In some alternative implementations of this embodiment, the apparatus for generating a human body three-dimensional model further includes: a calculating module, configured to calculate respectively an average value of coordinates of all vertices in each portion of the PIFu human body three-dimensional model and an average value of coordinates of all vertices in the each portion of the SMPL human body three-dimensional model, to obtain a vertex average value of the each portion of the PIFu human body three-dimensional model and a vertex average value of the each portion of the SMPL human body three-dimensional model; and an aligning module, configured to subtract respectively the vertices of the each portion of the PIFu human body three-dimensional model and the vertices of the each portion of the SMPL human body three-dimensional model by a corresponding vertex average value, to align the PIFu human body three-dimensional model and the SMPL human body three-dimensional model to a given position.

In some alternative implementations of this embodiment, the determining module is further configured to: calculate a distance between the vertex of the PIFu human body three-dimensional model and a corresponding vertex of the SMPL human body three-dimensional model based on the matching result, to determine the vertex of the SMPL human body three-dimensional model closest to the vertex of the PIFu human body three-dimensional model; and use a weight of the closest vertex of the SMPL human body three-dimensional model as a weight of the vertex of the PIFu human body three-dimensional model, to obtain the binding weight of the vertex of the PIFu human body three-dimensional model and each skeleton point of the SMPL human body three-dimensional model.

In some alternative implementations of this embodiment, the distance between the vertex of the PIFu human body three-dimensional model and the corresponding vertex of the SMPL human body three-dimensional model is a Euclidean distance between the vertex of the PIFu human body three-dimensional model and the corresponding vertex of the SMPL human body three-dimensional model.

According to an embodiment of the present disclosure, embodiments of the present disclosure further provide an electronic device, a readable storage medium and a computer program product.

FIG. 11 is a schematic block diagram of an example electronic device 1100 that may be used to implement the embodiments of the present disclosure. The electronic device is intended to represent various forms of digital computers such as a laptop computer, a desktop computer, a workstation, a personal digital assistant, a server, a blade server, a mainframe computer, and other appropriate computers. The electronic device may also represent various forms of mobile apparatuses such as personal digital assistant, a cellular telephone, a smart phone, a wearable device and other similar computing apparatuses. The parts shown herein, their connections and relationships, and their functions are only as examples, and not intended to limit implementations of the present disclosure as described and/or claimed herein.

As shown in FIG. 11, the device 1100 includes a computing unit 1101, which may perform various appropriate actions and processes according to a computer program stored in a read-only memory (ROM) 1102 or a computer program loaded into a random access memory (RAM) 1103 from a storage unit 1108. In RAM 1103, various programs and data required for operation of the device 1100 may also be stored. The computing units 1101, ROM 1102 and RAM 1103 are connected to each other via a bus 1104. An input/output (I/O) interface 1105 is also connected to bus 1104.

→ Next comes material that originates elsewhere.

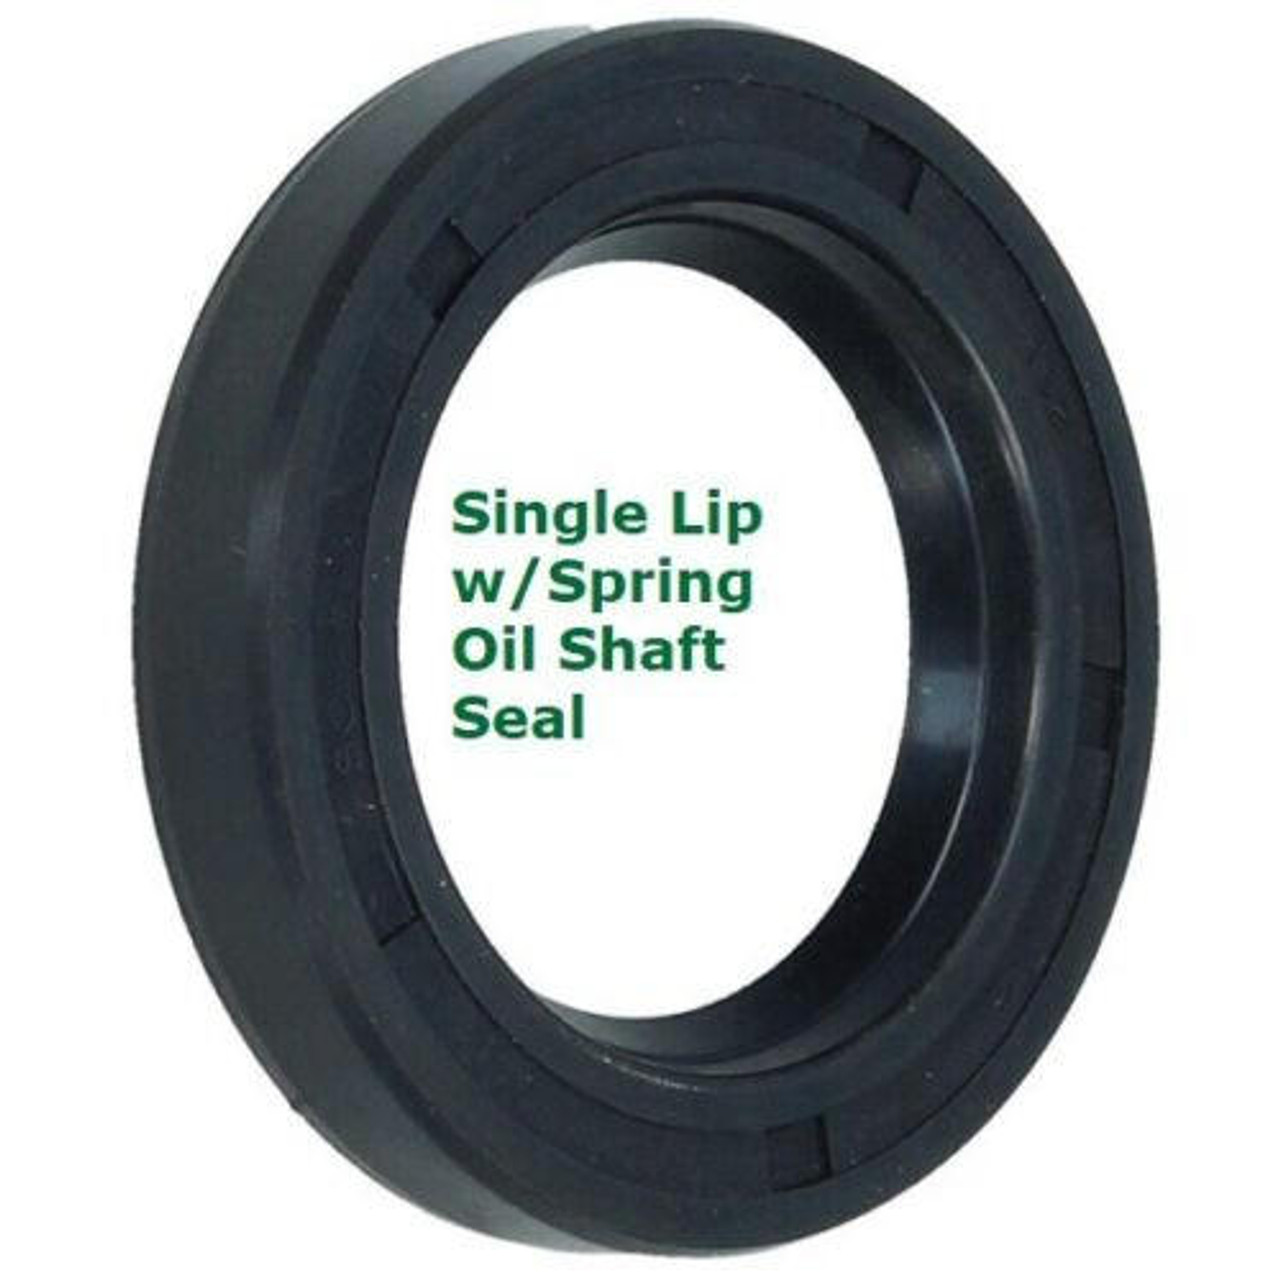 Metric Oil Shaft Seal 40 x 60 x 7mm Single Lip   Price for 1 pc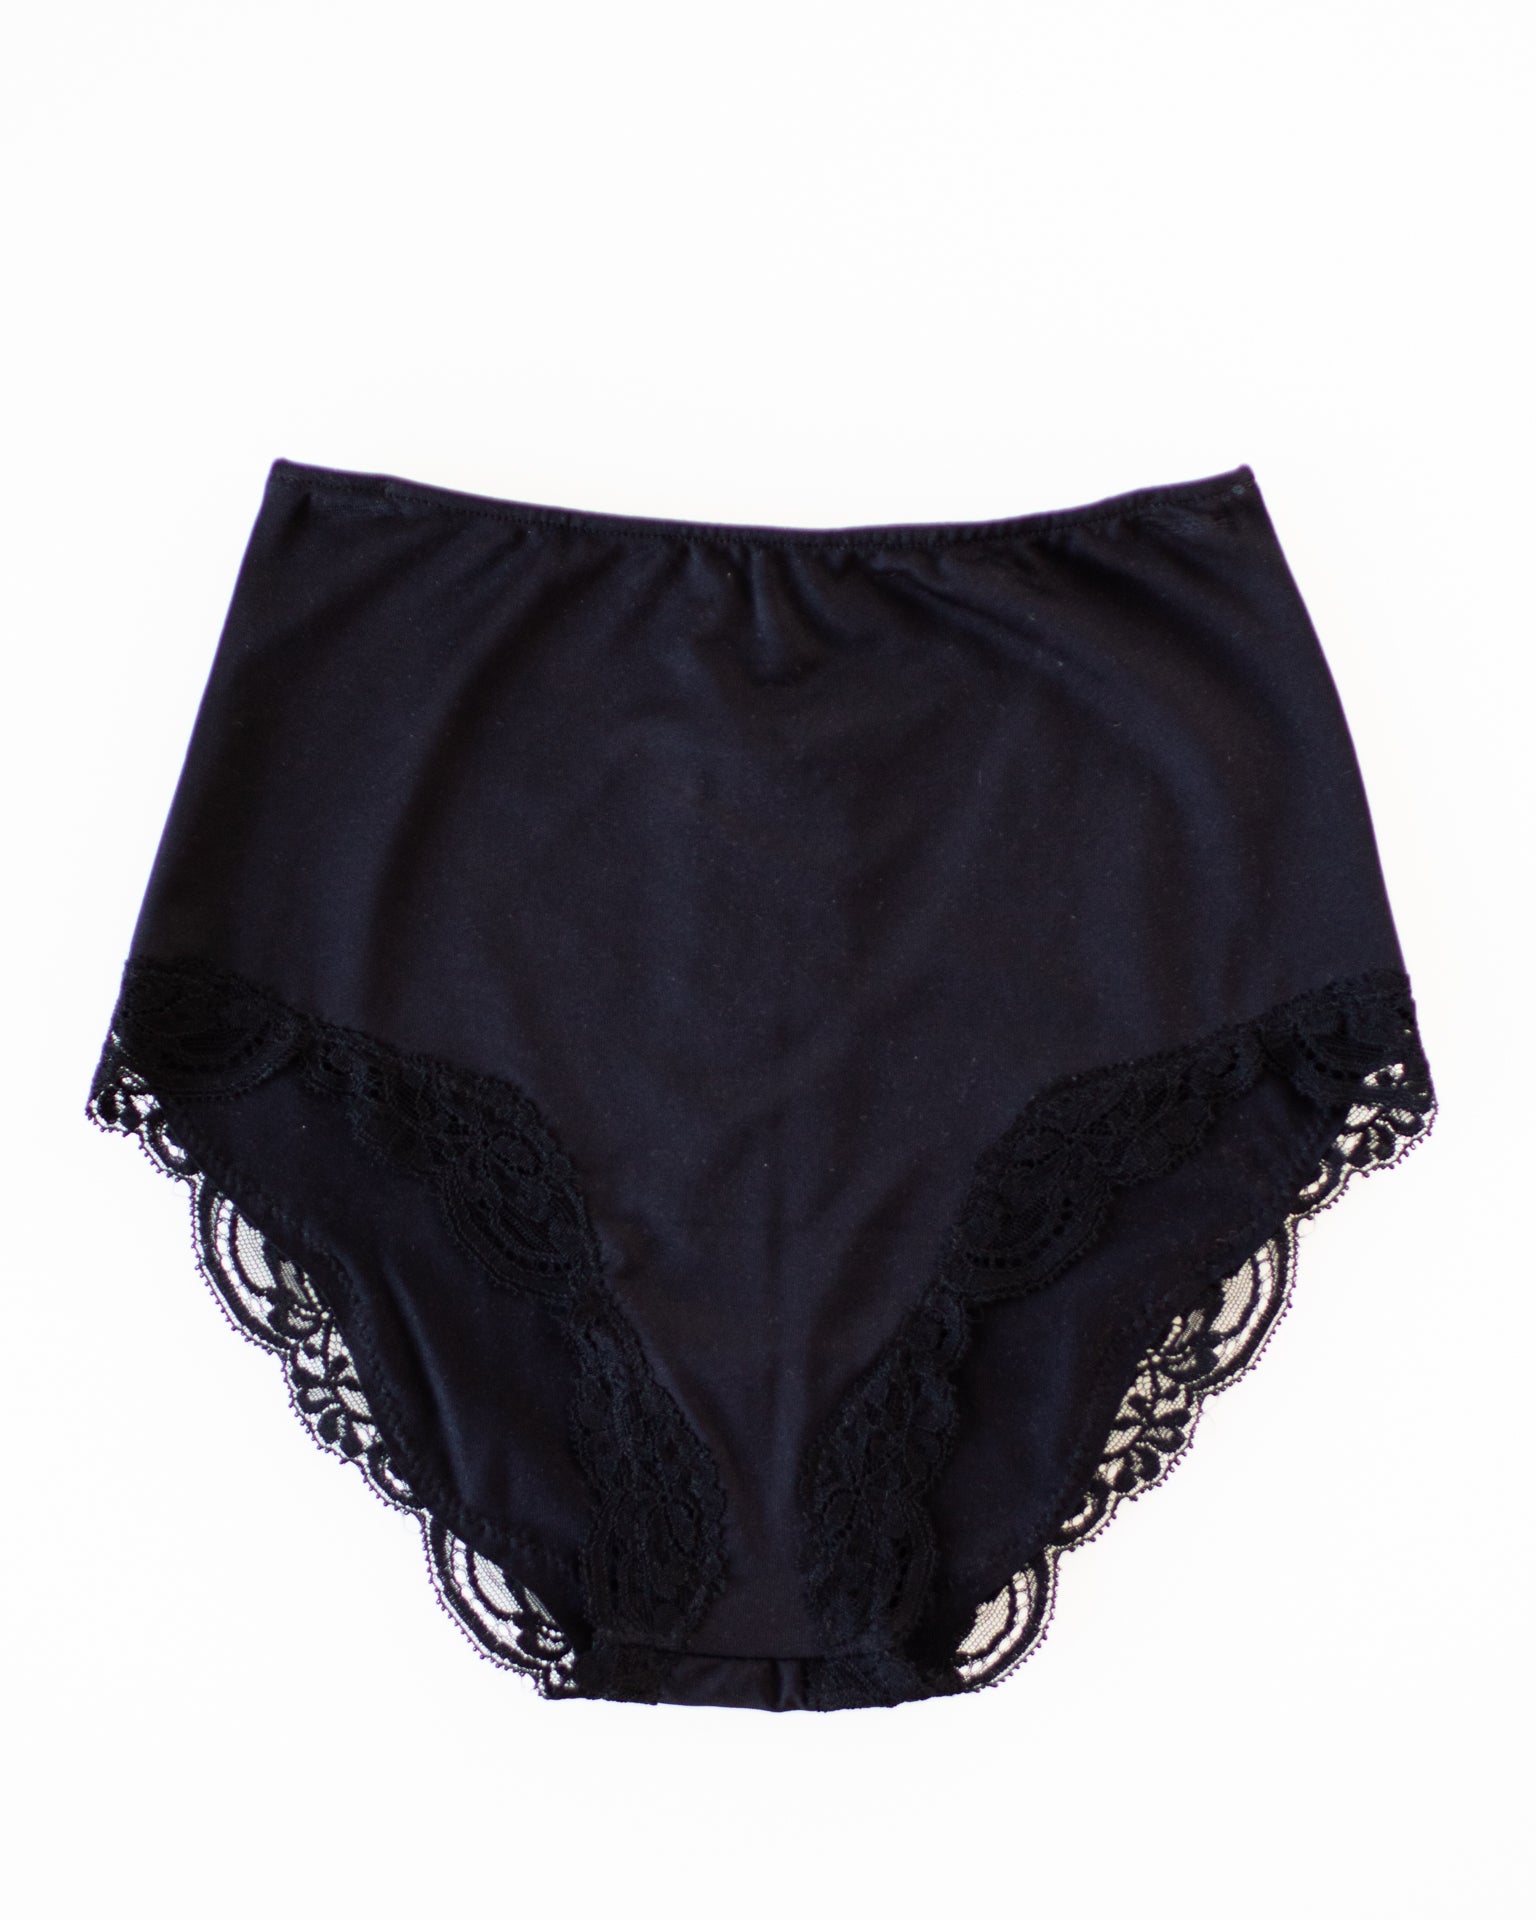 High waist cotton lace panty briefs

A plurality of components in the device 1100 are connected to the I/O interface 1105, including an input unit 1106, such as a keyboard, a mouse, and the like; an output units 1107, such as various types of displays, speakers, and the like; a storage unit 1108, such as a magnetic disk, an optical disk, or the like; and a communication unit 1109, such as a network card, a modem, or a wireless communication transceiver. The communication unit 1109 allows the device 1100 to exchange information/data with other devices over a computer network such as the Internet and/or various telecommunications networks.

The computing unit 1101 may be various general-purpose and/or special-purpose processing components having processing and computing capabilities. Some examples of computing units 1101 include, but are not limited to, central processing units (CPUs), graphics processing units (GPUs), various specialized artificial intelligence (AI) computing chips, various computing units running machine learning model algorithms, digital signal processors (DSPs), and any suitable processors, controllers, microcontrollers, and the like. The computing unit 1101 performs various methods and processes described above, such as a method of generating a human body three-dimensional model. For example, in some embodiments, a method of generating a human three-dimensional model may be implemented as a computer software program tangibly embodied in a machine-readable medium, such as the storage unit 1108. In some embodiments, some or all of the computer programs may be loaded and/or installed on the device 1100 via the ROM 1102 and/or the communication unit 1109. When the computer programs are loaded to the RAM 1103 and executed by the computing unit 1101, one or more steps of the above-described method for generating a human body three-dimensional model may be performed. Alternatively, in other embodiments, the computing unit 1101 may be configured to perform the method for generating a human body three-dimensional model by any other suitable means (e.g., by means of firmware).

Various embodiments of the systems and technologies described herein may be implemented in digital electronic circuit systems, integrated circuit systems, dedicated ASICs (application specific integrated circuits), computer hardware, firmware, software, and/or combinations thereof. These various embodiments may include: being implemented in one or more computer programs that can be executed and/or interpreted on a programmable system that includes at least one programmable processor. The programmable processor may be a dedicated or general-purpose programmable processor, and may receive data and instructions from a storage system, at least one input apparatus, and at least one output apparatus, and transmit the data and instructions to the storage system, the at least one input apparatus, and the at least one output apparatus.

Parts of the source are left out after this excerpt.